Crítica publicada no Jornal do Brasil – Caderno B
Por Eliana Yunes – Rio de Janeiro – 26.07.1986
Das Estepes Russas para os Trópicos
Prokofiev foi um compositor russo que viveu neste século entre Moscou e Paris (1891-1953), entre a resistência à estética oficial da Revolução de 1917 e o inegável amor às tradições e á cultura de seu país. Em meio às obras instrumentais e vocais que deixou, é extremamente conhecida a composição que narra musicalmente uma
história popular russa, Pedro e o Lobo.
O enredo se organiza em torno de um velho que mora numa cabana na floresta, com seu neto, um gato e uma pata. O apelo da primavera e o primeiro canto de um pássaro atraem Pedro, o neto, que sai de casa e se encontra com o lobo feroz que atemorizava todos os habitantes da região. Mas com a ajuda do pássaro, salva os amigos e torna-se um herói, orgulho do avô. Em português, há uma versão de 1969, adaptada por Heló, em edição da Brasil-América. Além disto, uma antiga gravação, também adaptada do filme de Walt Disney, Música Maestro!, com uma narração dramática de Paulo Roberto, que acompanha a narrativa musical onde as personagens estão identificadas com instrumentos de corda e sopro, num arranjo que mistura tensão e bom humor.
Pois esta história ingênua e cativante que metaforicamente fala de sair para o mundo, expor-se e sobreviver por seu próprio engenho e arte, está no exíguo palco da Cândido Mendes, numa versão de Beto e Denise Crispun.

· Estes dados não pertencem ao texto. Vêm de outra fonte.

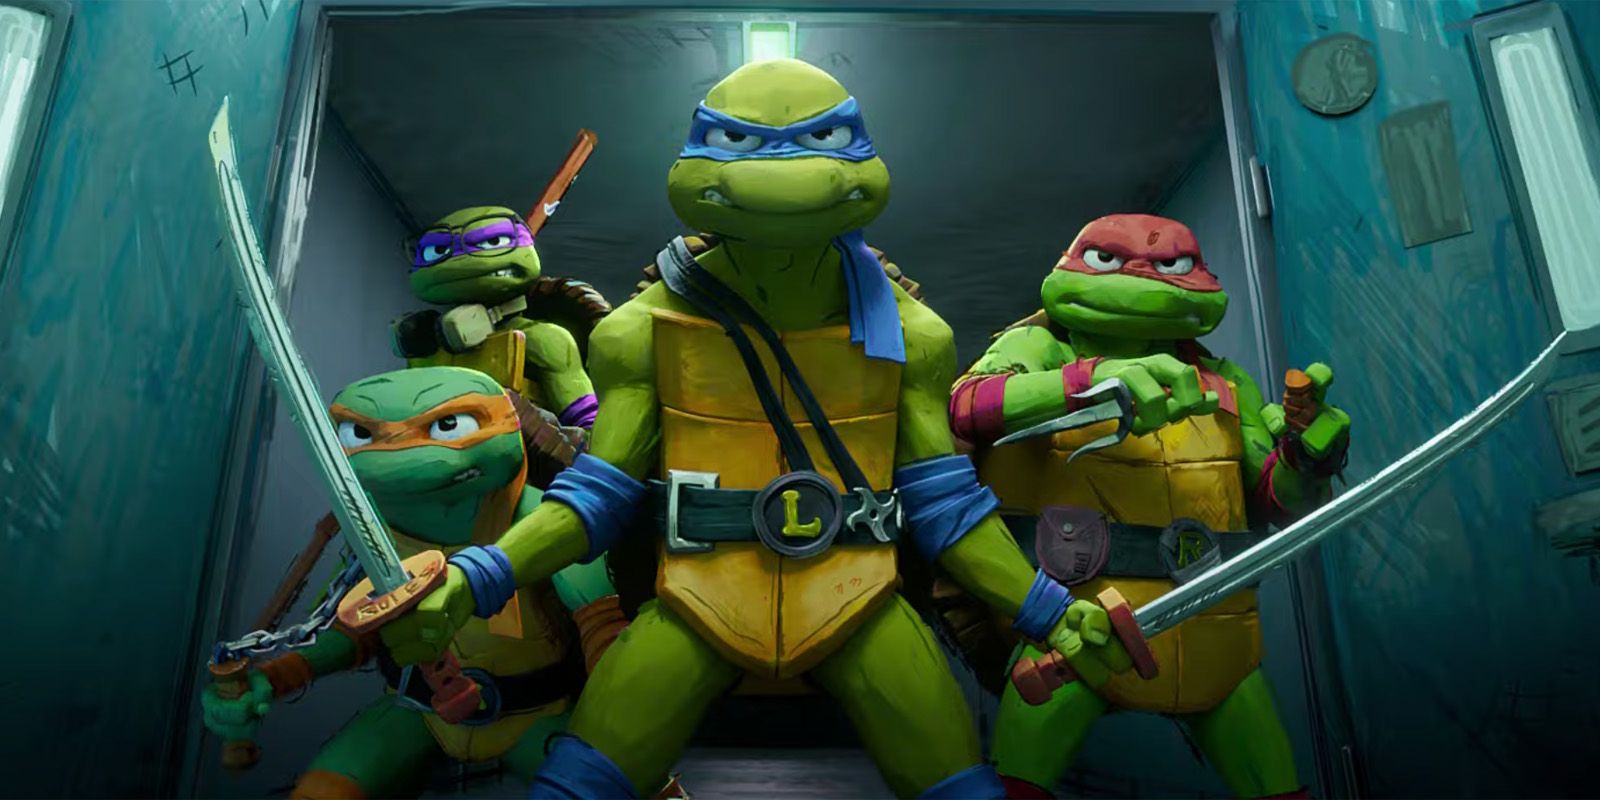 Teenage Mutant Ninja Turtles: Mutant Mayhem' Beginning September 19th On  Paramount+

Na trilha do bom humor, esta versão ipanemense de Pedro e o Lobo atualiza o discurso para os maiores, fazendo uso de expressões e referências de linguagem vindas de outro contexto, como a TV e a publicidade, em tiradas espirituosas.
Para os bem pequenos, a versão guarda as emoções e os sustos que fazem o suspense e a surpresa da narrativa tradicional.
Um encaixe providencial desta história em outra permite conservar o recurso a um narrador explícito, marca indelével da literatura oral. Aqui ele é o bobo da corte deste reino que, ameaçado pelo lobo, declara aberta a temporada de cala,
através de oficiais de seu exército. A rainha promete recompensas e conclama a população a fiscalizar os caminhos do terrível inimigo.
No espaço diminuto deste teatro de arena, a inventividade faz milagres para localizar a cabana e o lago, a floresta e o salão de audiência real. É uma produção extremamente despojada – lugar forçado no teatro infantil – mas nem
por isto compromete a agilidade do trabalho de Luiz Salem que também faz o bobo e o lobo. A direção explora exatamente este aspecto lúdico que comuta tensão e distensão em cena.
A música, como não poderia deixar de ser, pontifica, desde a primeira cena, quando o tema é apresentado em Coro a capela pelo grupo de atores. Depois desdobra-se e se mistura com ritmos modernos que ajudam a carnavalizar a
versão. A iluminação de Marcos Quinderé atua apenas como grifo para o clima emocional de cada cena.
Mais que os figurinos, um bom trabalho corporal e cênico ajuda a caracterizar as personagens – animais, convincentes em seu desempenho. Exceto por certas falas que se perdem no meio do palco, Pedro/Jonas Torres dá conta do recado e
da missão de matar o lobo, e no final do espetáculo, distribui autógrafos no programa da peça.
A exiguidade dos recursos e a adaptação não desvalorizam o bom trabalho técnico do grupo e o texto original. Para o público de Denise e Beto Crispun, depois do sucesso de Morangos e Lunetas, fica confirmado o respeito pela sensibilidade e inteligência infantis.